Corbario's face relaxed a little, and he laughed harshly.

"That is utterly absurd!" he answered. "No swimmer that ever lived could have got to her, nor any boat either! There was a terrific surf on the bar."

"Of course not," assented Maddalena. "But you saw the ship, too?"

"Yes. Aurora was looking at her when I reached the gap. That is why I noticed the vessel," Corbario added, as if by an afterthought. "She was a Sicilian brigantine, and was carrying hardly any sail. If the gale had lasted she would probably have been driven ashore. Her only chance would have been to drop anchor."

"You know all about ships and the sea, don't you?" asked Maddalena, with a very little curiosity, but without any particular intention.

"Oh, no!" cried Corbario, as if he were protesting against something. "I have made several long voyages, and I have a knack of remembering the names of things, nothing more."

"I did not mean to suggest that you had been a sailor," Maddalena answered.

"What an idea!

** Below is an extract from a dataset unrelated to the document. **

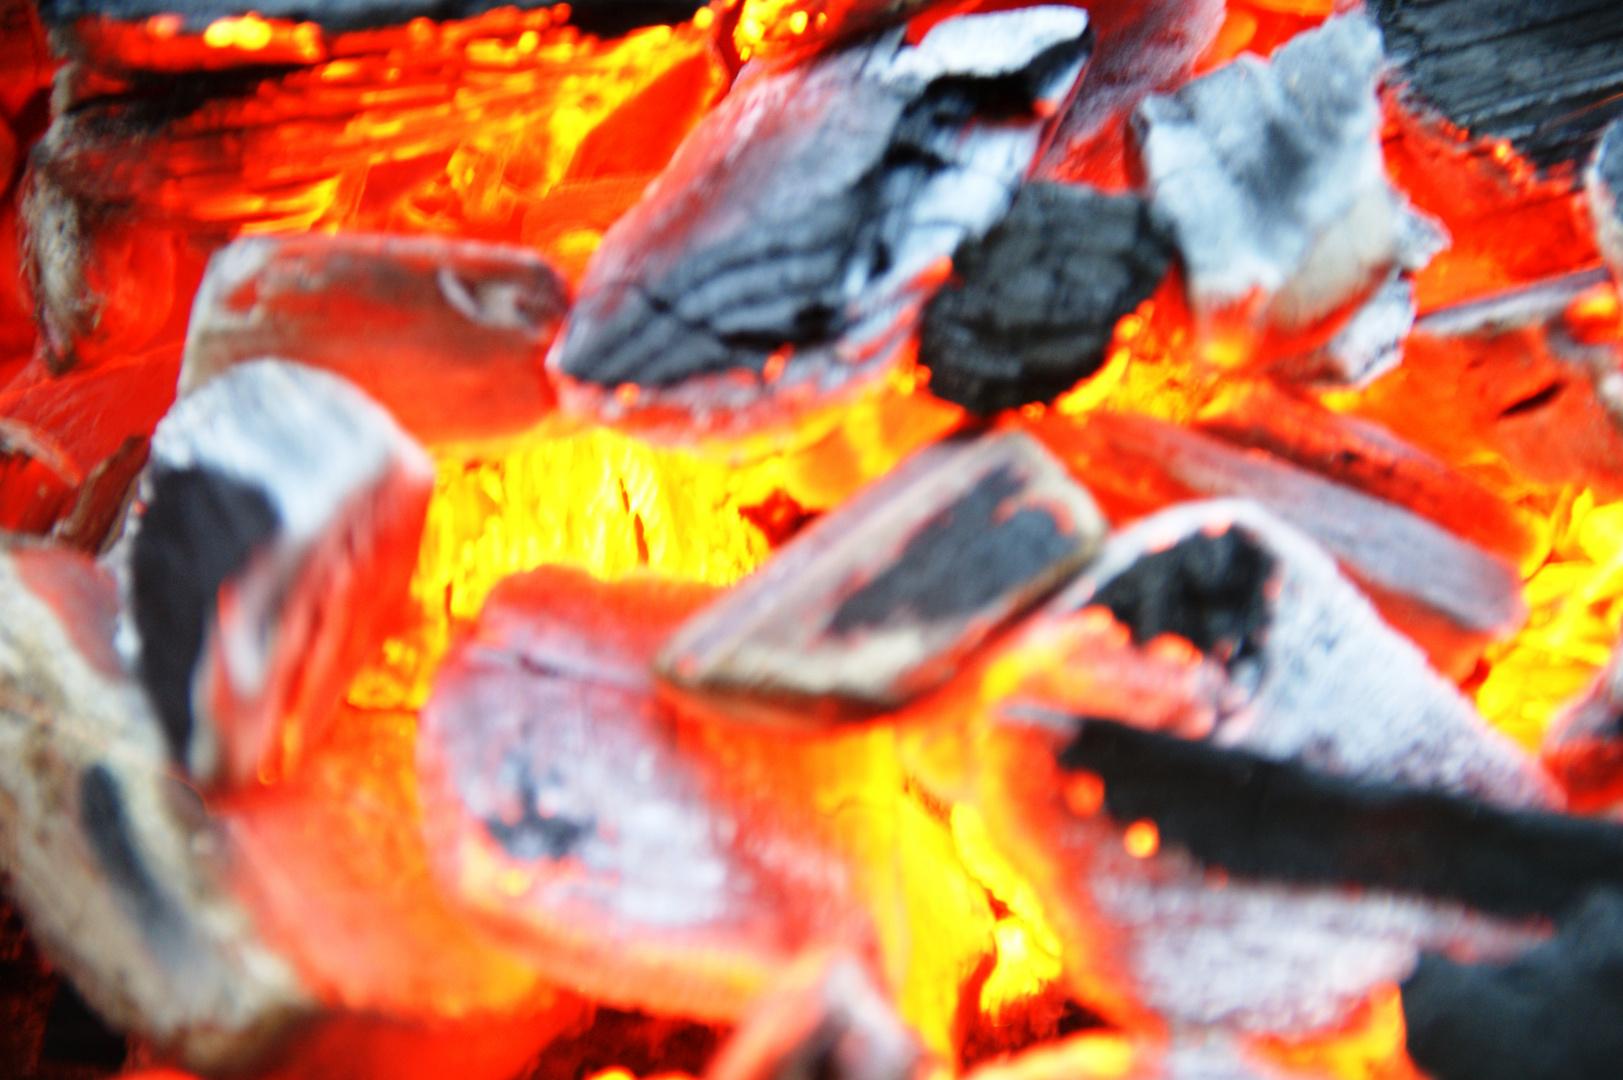 Höllenzugang - glühende Holzkohle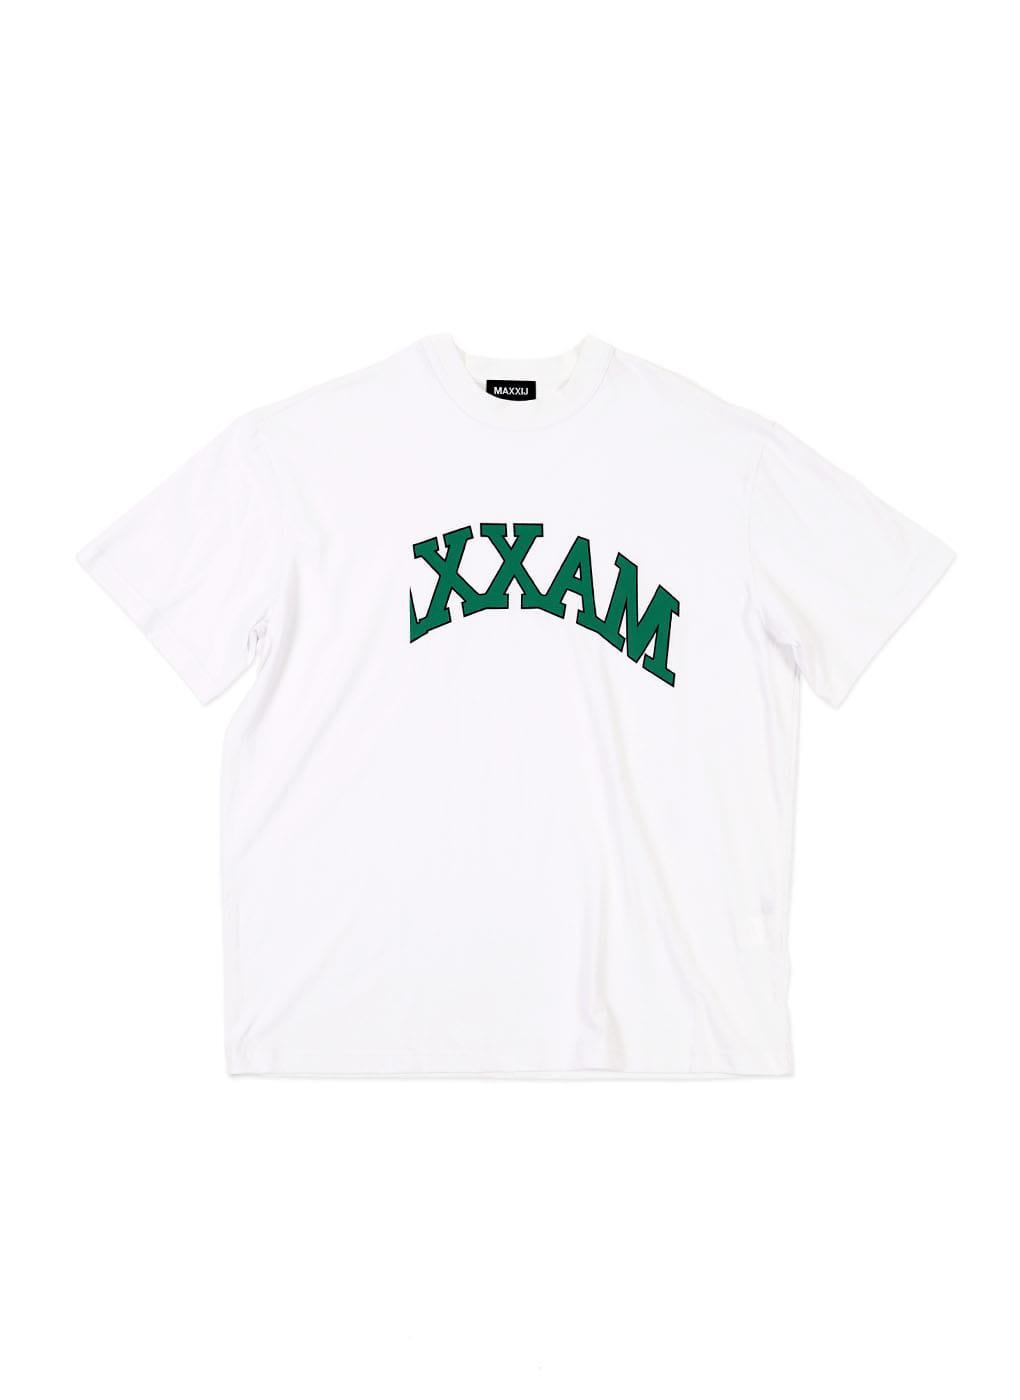 White Basic Collage Printed Tshirt

I, a sailor!"

He seemed vaguely amused at the idea. The Contessa took leave of him, after giving him her address in the north of Italy, and begging him to write if he found any clue to Marcello's disappearance. He promised this, and they parted, not expecting to meet again until the autumn.

In a few days they had left Rome for different destinations. The little apartment near the Forum of Trajan where the Contessa and her daughter lived was shut up, and at the great villa on the Janiculum the solemn porter put off his mourning livery and dressed himself in brown linen, and smoked endless pipes within the closed gates when it was not too hot to be out of doors. The horses were turned out to grass, and the coachman and grooms departed to the country. The servants opened the windows in the early morning, shut them at ten o'clock against the heat, and dozed the rest of the time, or went down into the city to gossip with their friends in the afternoon. It was high summer, and Rome went to sleep.